Atualizado em 07/07/2026 · Fundamentado em jurisprudência de TST

Resposta rápida

Não. Pela Súmula 388 do TST, a massa falida não se sujeita à multa do § 8º do art. 477 da CLT por atraso no pagamento das verbas rescisórias, nem à penalidade do art. 467. Decretada a falência, essas sanções não podem ser exigidas do empregador falido.

Por que a massa falida escapa das multas

O entendimento consolidado parte da lógica de que, com a decretação da falência, o empregador perde a livre administração do seu patrimônio e os pagamentos passam a seguir o regime concursal, com habilitação de créditos e ordem legal de preferência. Nesse cenário, o atraso no acerto rescisório não decorre de escolha do devedor, e por isso o TST afasta a incidência das penalidades.

A súmula alcança duas sanções distintas: a multa do § 8º do art. 477 da CLT, devida quando as verbas rescisórias não são pagas no prazo legal, e a penalidade do art. 467, que dobra as verbas incontroversas não quitadas na primeira audiência trabalhista. Nenhuma das duas pode ser imposta à massa falida.

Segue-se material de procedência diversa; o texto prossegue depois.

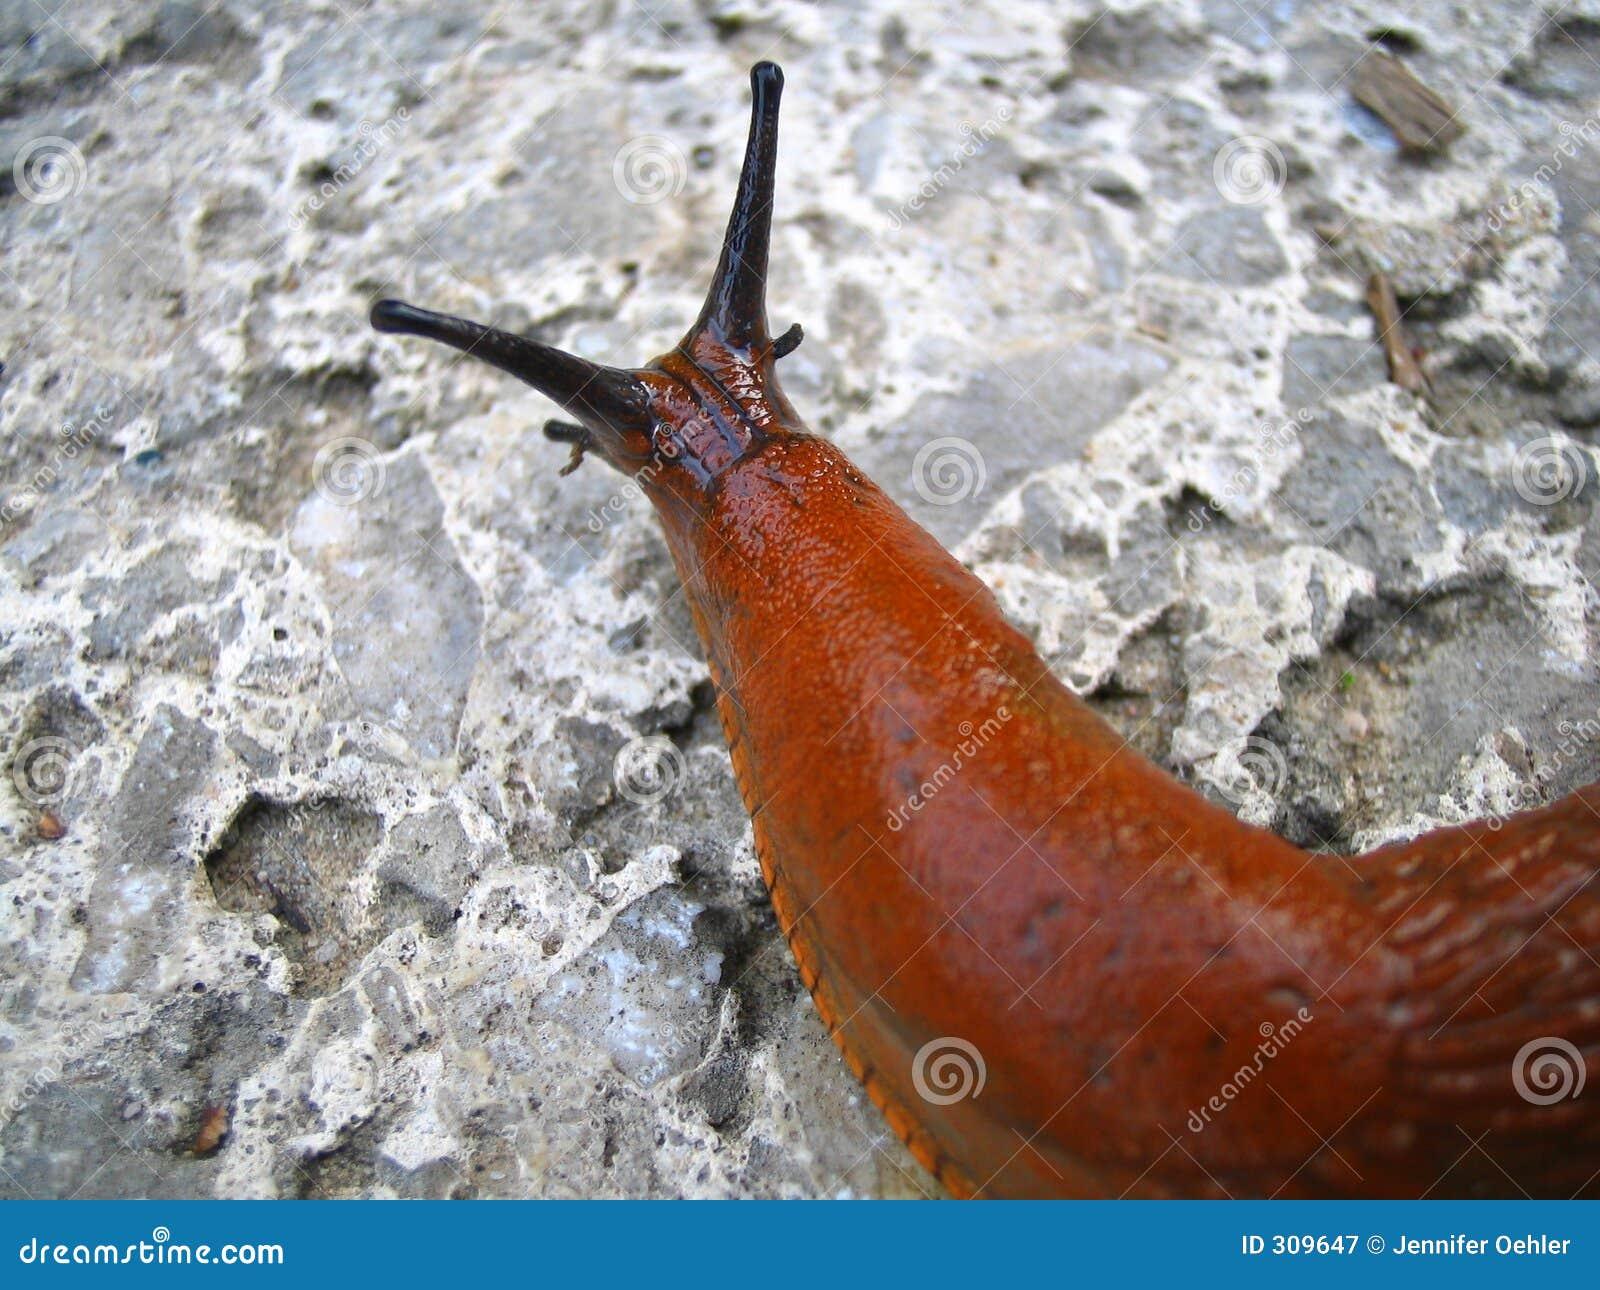 141 best Snails - Slugs images on Pinterest   Snails, Animals and ...

O que isso significa na prática

O trabalhador de empresa falida continua com direito às verbas rescisórias em si, que deverão ser habilitadas no processo de falência, mas não pode acrescentar ao crédito essas multas específicas. O ponto sensível costuma ser o momento da decretação da falência em relação ao fim do contrato, questão que os tribunais examinam caso a caso.

Situações diversas, como a recuperação judicial, não estão expressamente abrangidas pelo texto da súmula, de modo que a extensão do entendimento a outros regimes depende da análise do caso concreto.

O que dizem os tribunais

Súmula 388 do TST

A Massa Falida não se sujeita à penalidade do art. 467 e nem à multa do § 8o do art. 477, ambos da CLT. (ex-Ojs da SBDI-1 nos 201 - DJ 11.08.2003 - e 314 - DJ 08.11.2000)

Decisões recentes sobre o tema

Selecionadas automaticamente na nossa base e atualizadas com frequência.

Agravo Interno 1000537-51.2024.5.02.0003

2ª Turma · Rel. Liana Chaib · j. 19/11/2025

EMENTA: AGRAVO INTERNO. AGRAVO DE INSTRUMENTO EM RECURSO DE REVISTA INTERPOSTO SOB A ÉGIDE DA LEI Nº 13.467/2017. MULTA DOS ARTIGOS 467 E 477, DA CONSOLIDAÇÃO DAS LEIS DO TRABALHO – AUSÊNCIA DE PREQUESTIONAMENTO – INCIDÊNCIA DA SÚMULA Nº 297, ITEM I, DO TST. A decisão denegatória deve ser mantida, ainda que por fundamento diverso. In casu , a controvérsia foi dirimida com a motivação expressa de serem devidas as multas dos artigos 467 e 477 da CLT, em virtude da não quitação …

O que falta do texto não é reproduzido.